Income Tax Act 2025: The Income Tax Act of 2025 is set to take effect in India on April 1, 2026. This legislation will introduce major changes to tax regulations, affecting individuals, investors, and businesses. These updates were revealed by Finance Minister Nirmala Sitharaman during the Union Budget 2026 presentation. The aim of the government is to streamline the tax system. Let’s take a closer look at the upcoming changes.
Changes in taxation on share buybacks
Up until now, when a company repurchased its shares, the funds received by investors were classified as a “deemed dividend” and taxed according to the standard income tax brackets. Starting April 1, 2026, this amount will be treated as a capital gain. Consequently, it will be taxed similarly to the sale of shares, depending on whether it is classified as a short-term or long-term capital gain.
Increased costs for futures trading
The Securities Transaction Tax (STT) on futures transactions has been raised from 0.02% to 0.05%. This new regulation will be applicable to derivative contracts entered into after April 1, 2026, directly affecting F&O traders. Sovereign Gold Bonds will no longer be entirely tax-exempt. If you acquired SGBs through the initial government offering, redemption remains tax-free. However, if you bought SGBs from the secondary market, you will face capital gains tax upon maturity. Previously, these bonds were entirely tax-exempt.
If you financed your investments in stocks or mutual funds through a loan, you can no longer deduct interest expenses from your dividend or mutual fund income for tax purposes. Now, the full income will be taxable, even if the investment was made using borrowed funds.
A single declaration is now sufficient. In the past, investors had to submit separate forms for various mutual funds, dividends, and bonds to prevent TDS deductions. Now, a single declaration can be submitted to the depository, covering all investments. This change will help reduce paperwork. Employers can now also benefit from tax deductions if they deposit their Employees’ Provident Fund and Employees’ State Insurance contributions by the deadline for filing their income tax returns. Previously, there were strict deadlines for this.

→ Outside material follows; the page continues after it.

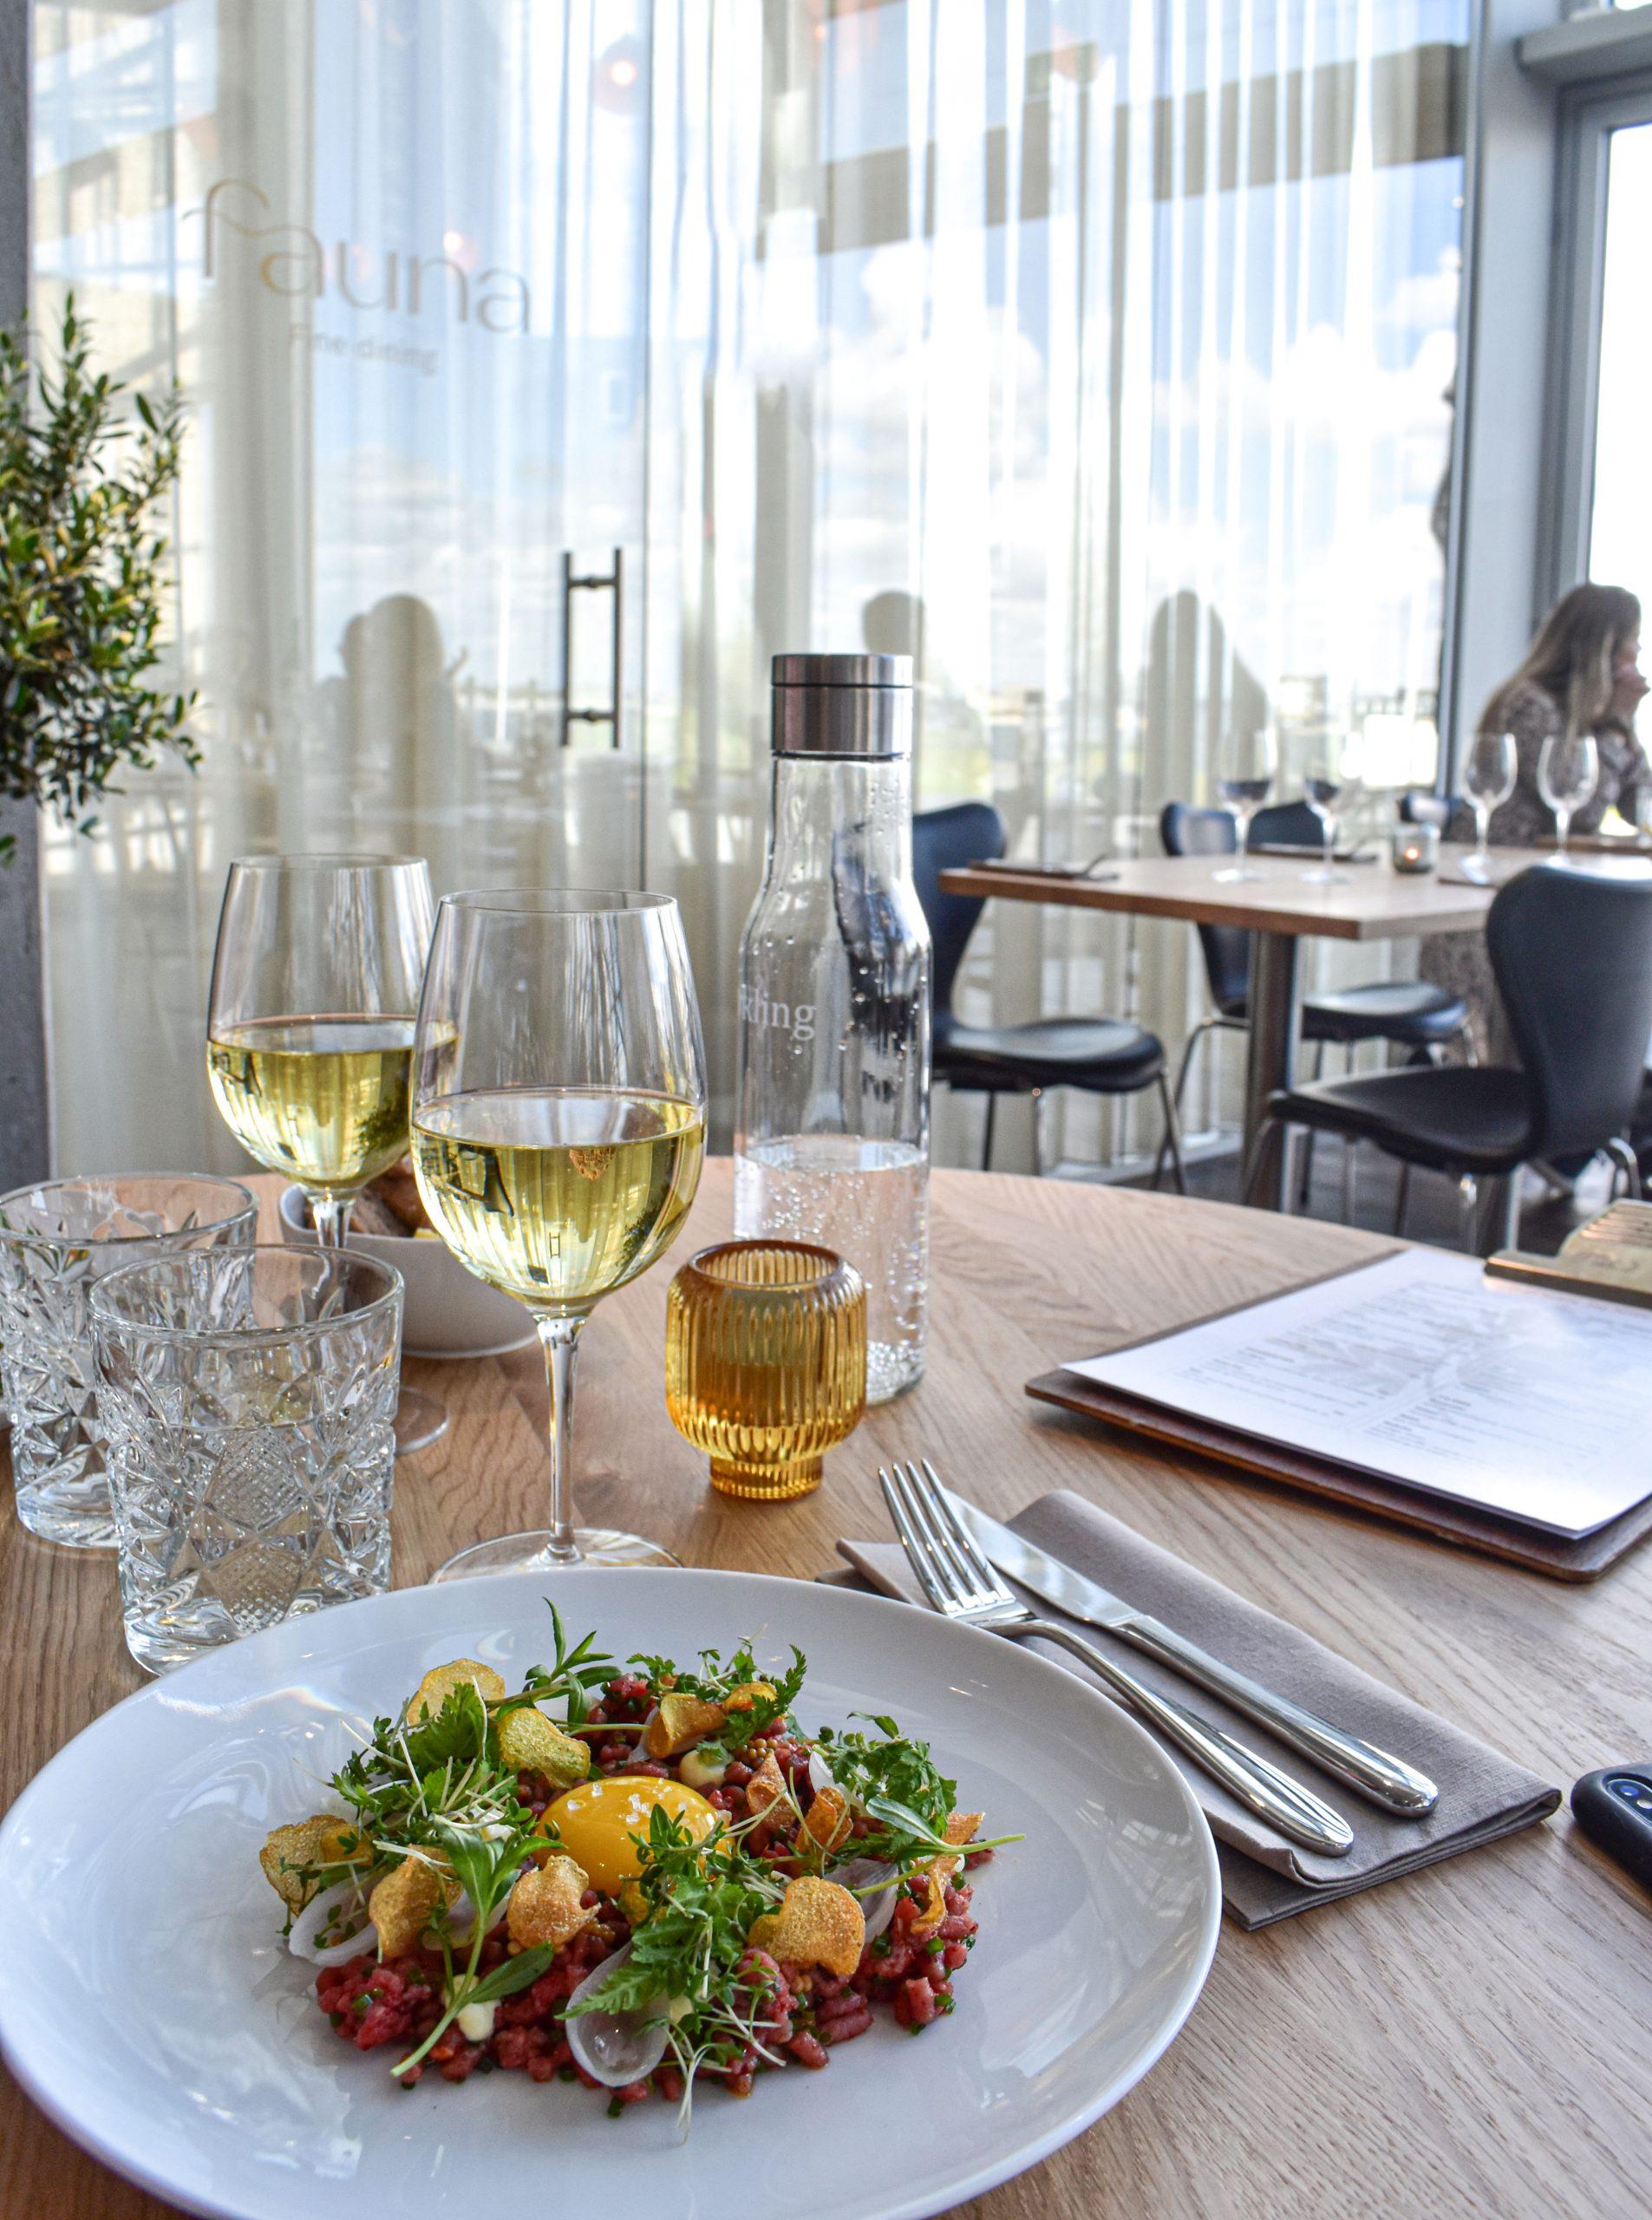 Enkle retter til gode priser: Aalborgs nye Spisebar er åbnet

Purchasing property from an NRI is now easier. If you buy property from an NRI, you won’t need to get a TAN to deduct TDS anymore. You can simply use your PAN for TDS deductions. This change will make property transactions more straightforward. The TCS on overseas tour packages has been reduced to a flat rate of 2%, down from 5% or 20%. Additionally, TCS on remittances for education or medical expenses abroad under the LRS has also dropped from 5% to 2%. This adjustment will benefit students and patients traveling overseas.
MAT will now serve as the final tax
Previously, companies could pay MAT (Minimum Alternate Tax) and later adjust its credit. Starting April 1, 2026, MAT will be set at 14% and will be the final tax, meaning MAT credit will no longer be applicable. However, any MAT credit accrued until March 31, 2026, can still be utilized.
Tax exemption for disability pensions of army personnel
If an armed forces member retires due to a service-related disability, their disability pension will now be entirely tax-exempt, covering both the service and disability portions. According to the RFCTLARR Act (Land Acquisition, Rehabilitation and Resettlement Act), when the government acquires land and compensates the owner, that compensation will not be taxed (except under Section 46). This rule will take effect for transactions after April 1, 2026, providing clarity for farmers and landowners and removing confusion about taxation.
Change in income tax return filing deadline
For non-audited businesses and trusts, the new deadline for filing income tax returns is now August 31st, instead of July 31st. However, salaried individuals will still need to file by July 31st. The interest earned on compensation from the Motor Accident Claims Tribunal will now be exempt from tax. Additionally, this interest will not be subject to tax deduction at source, ensuring that victims or their families receive the full compensation amount.